Стас терпеливо слушал меня, кивал и с какой-то унылой обреченностью крошил кусок бисквита в своем блюдце. Когда наконец мой пламенный монолог иссяк, вернее, не то чтобы иссяк, я долго еще могла бы распинаться, у меня просто, кажется, воздух закончился в легких. Так вот, когда я наконец замолчала, Стасик шутливо перегнулся ко мне через стол, заглянул в глаза, покрутил мою голову туда-сюда, потом попросил:

– Покажите язык, больная. – И наконец скорбно заявил: – Что ж, случай ясен. Все симптомы налицо.

– Какие еще симптомы? – не поняла я.

– Опасного заболевания, поражающего всех студенток ВГИКа. Типичный случай безоглядной влюбленности в Болдина.
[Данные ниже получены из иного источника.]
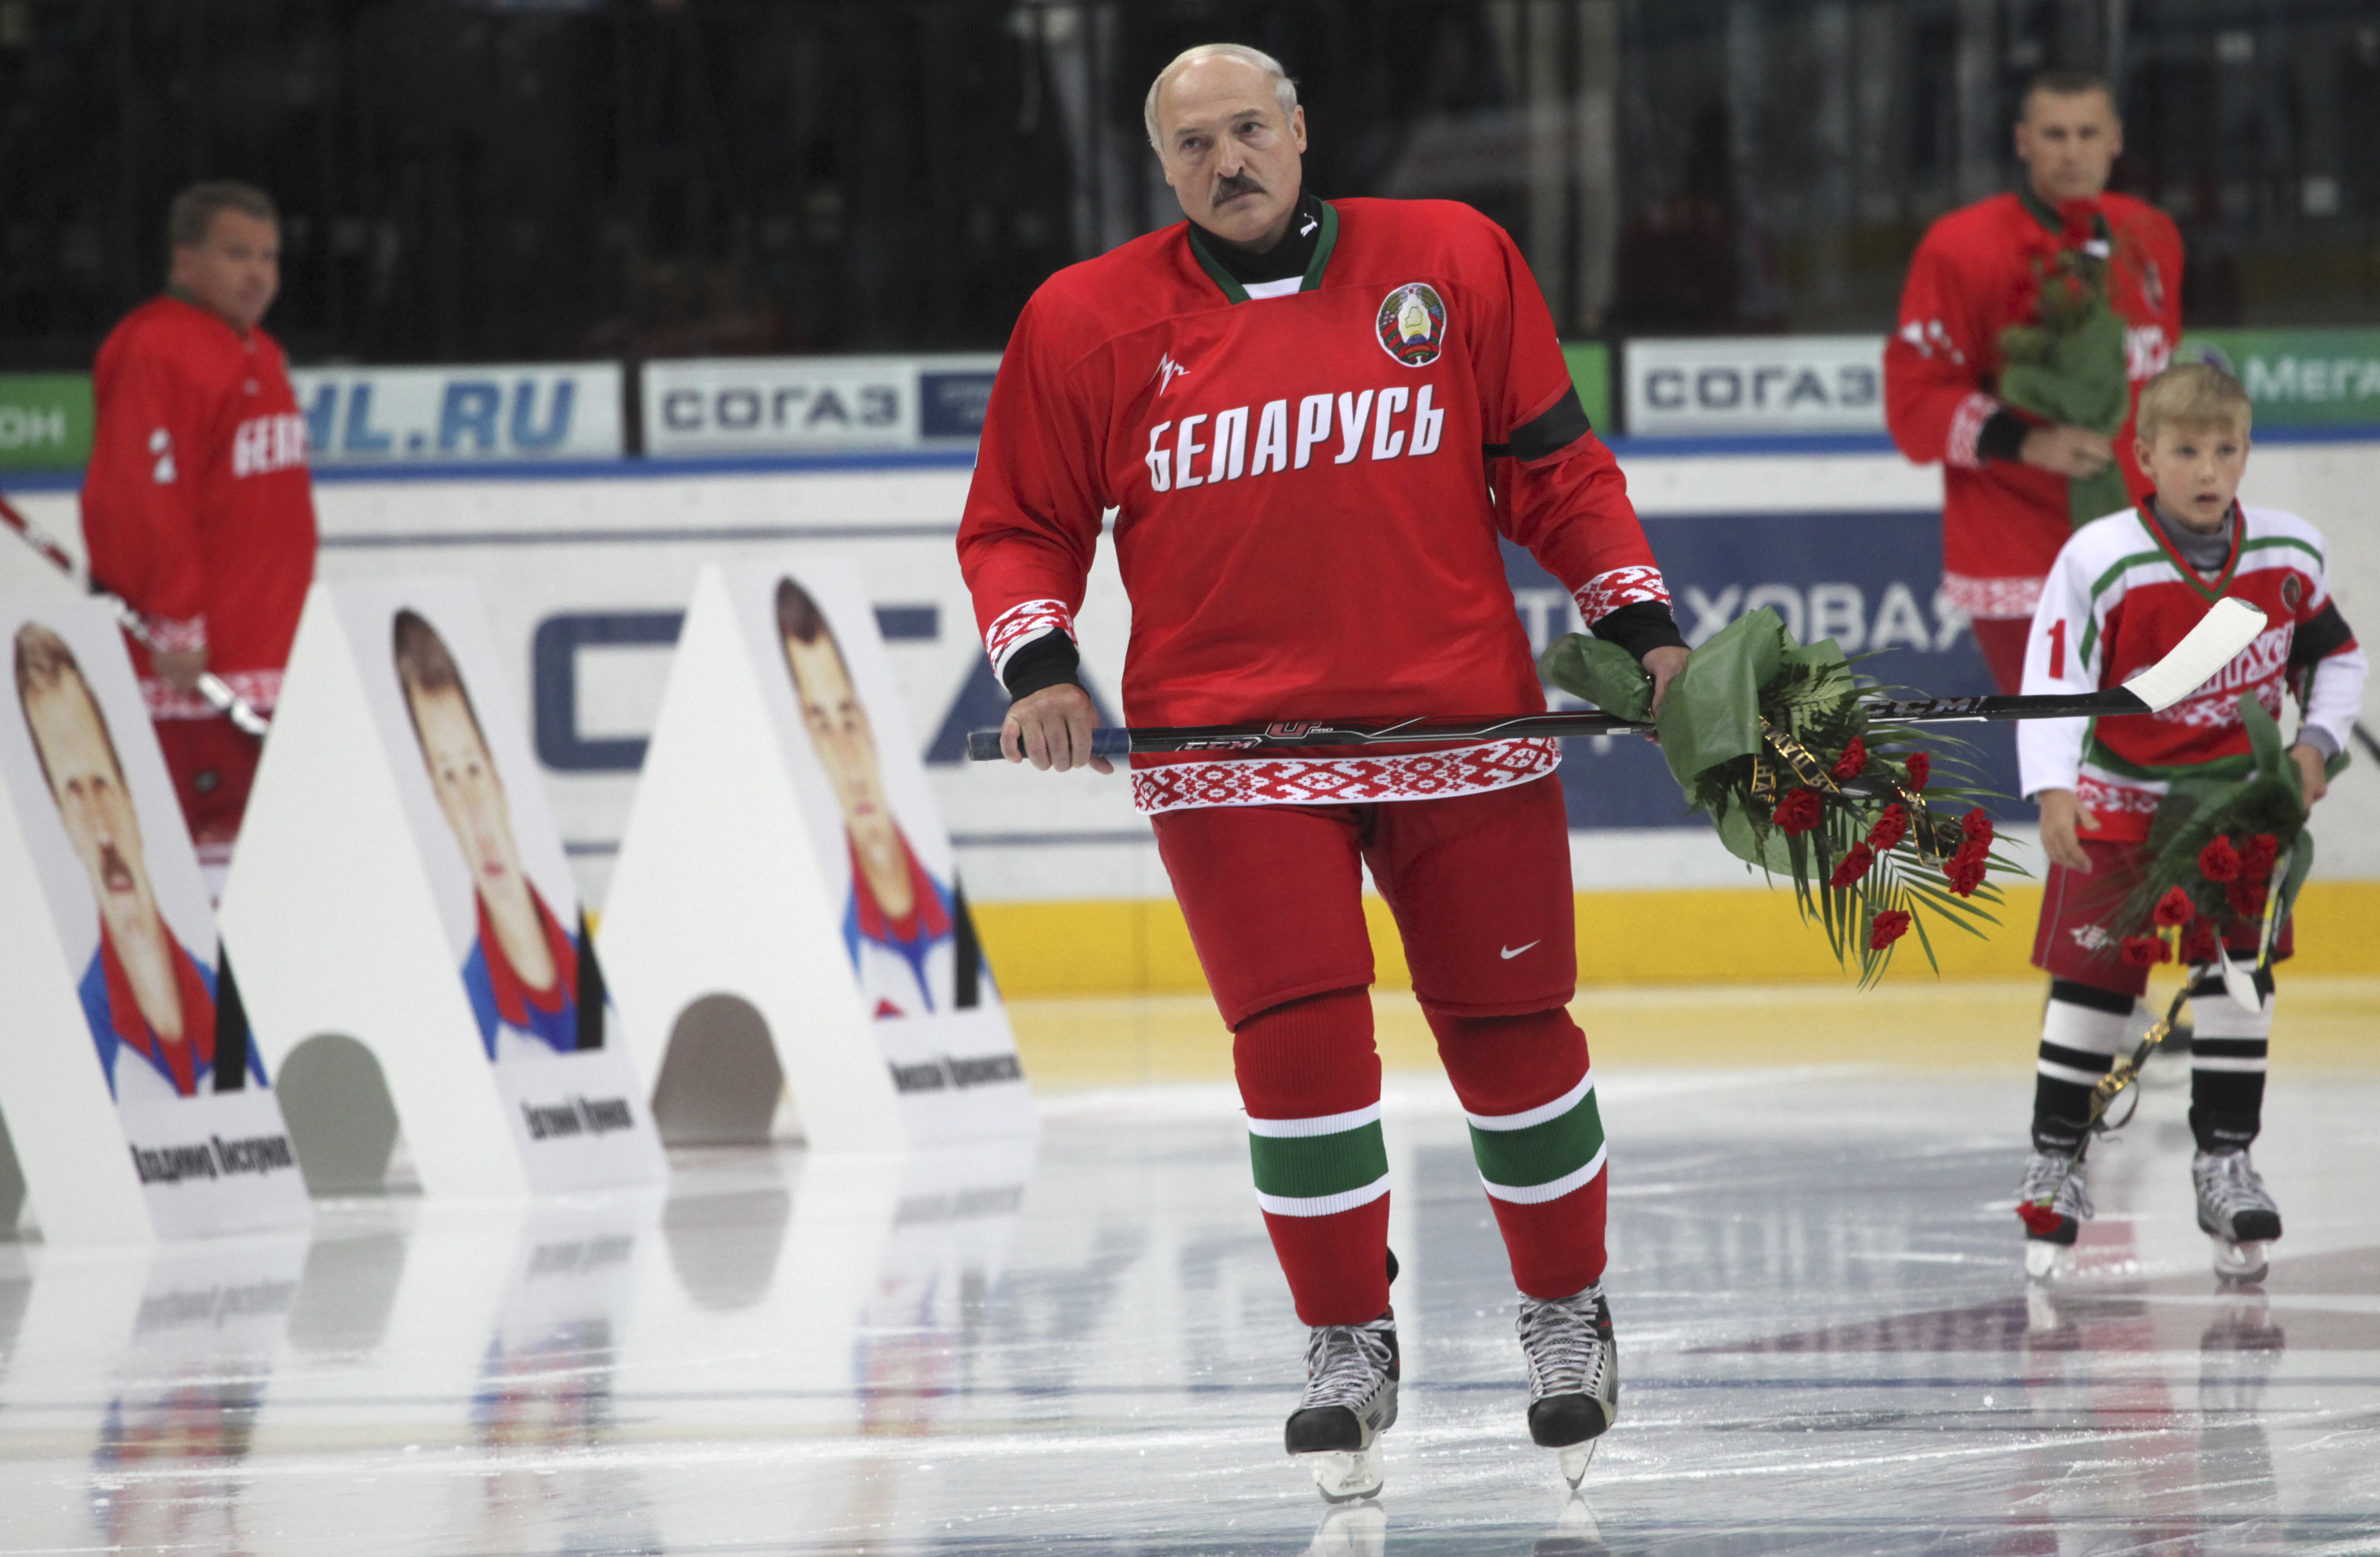 ishockey, Mänskliga rättigheter, Aleksandr Lukasjenko, Demokrati, Christer Englund, Vitryssland, Tre Kronor, VM

– Да ну тебя, – со смехом отмахнулась я. – Какая еще влюбленность. Он же старый.

– Угу, угу, – покивал Стас. – Все так говорят, больная. Что могу сказать, сил тебе душевных, они тебе еще понадобятся. Да и мне тоже, – невесело заключил он и как-то бледно улыбнулся.

– Тебе-то почему? – осведомилась я.

Стас посмотрел на меня с минуту, как-то странно, пристально и робко, словно не решаясь что-то сказать, а затем, мотнув головой, отозвался легко:

– А кому в ближайшие месяцы предстоит выслушивать твои излияния, мм? Вот! То-то.


Стас, конечно, оказался прав. Ему пришлось выслушивать мои излияния не только в ближайшие пару месяцев, а в ближайшие пару лет. Я то заходилась восторгом от очередного соприкосновения с гением Мастера, то негодовала и метала молнии после того, как этот самый Мастер в который раз вытащил из меня душу на занятиях.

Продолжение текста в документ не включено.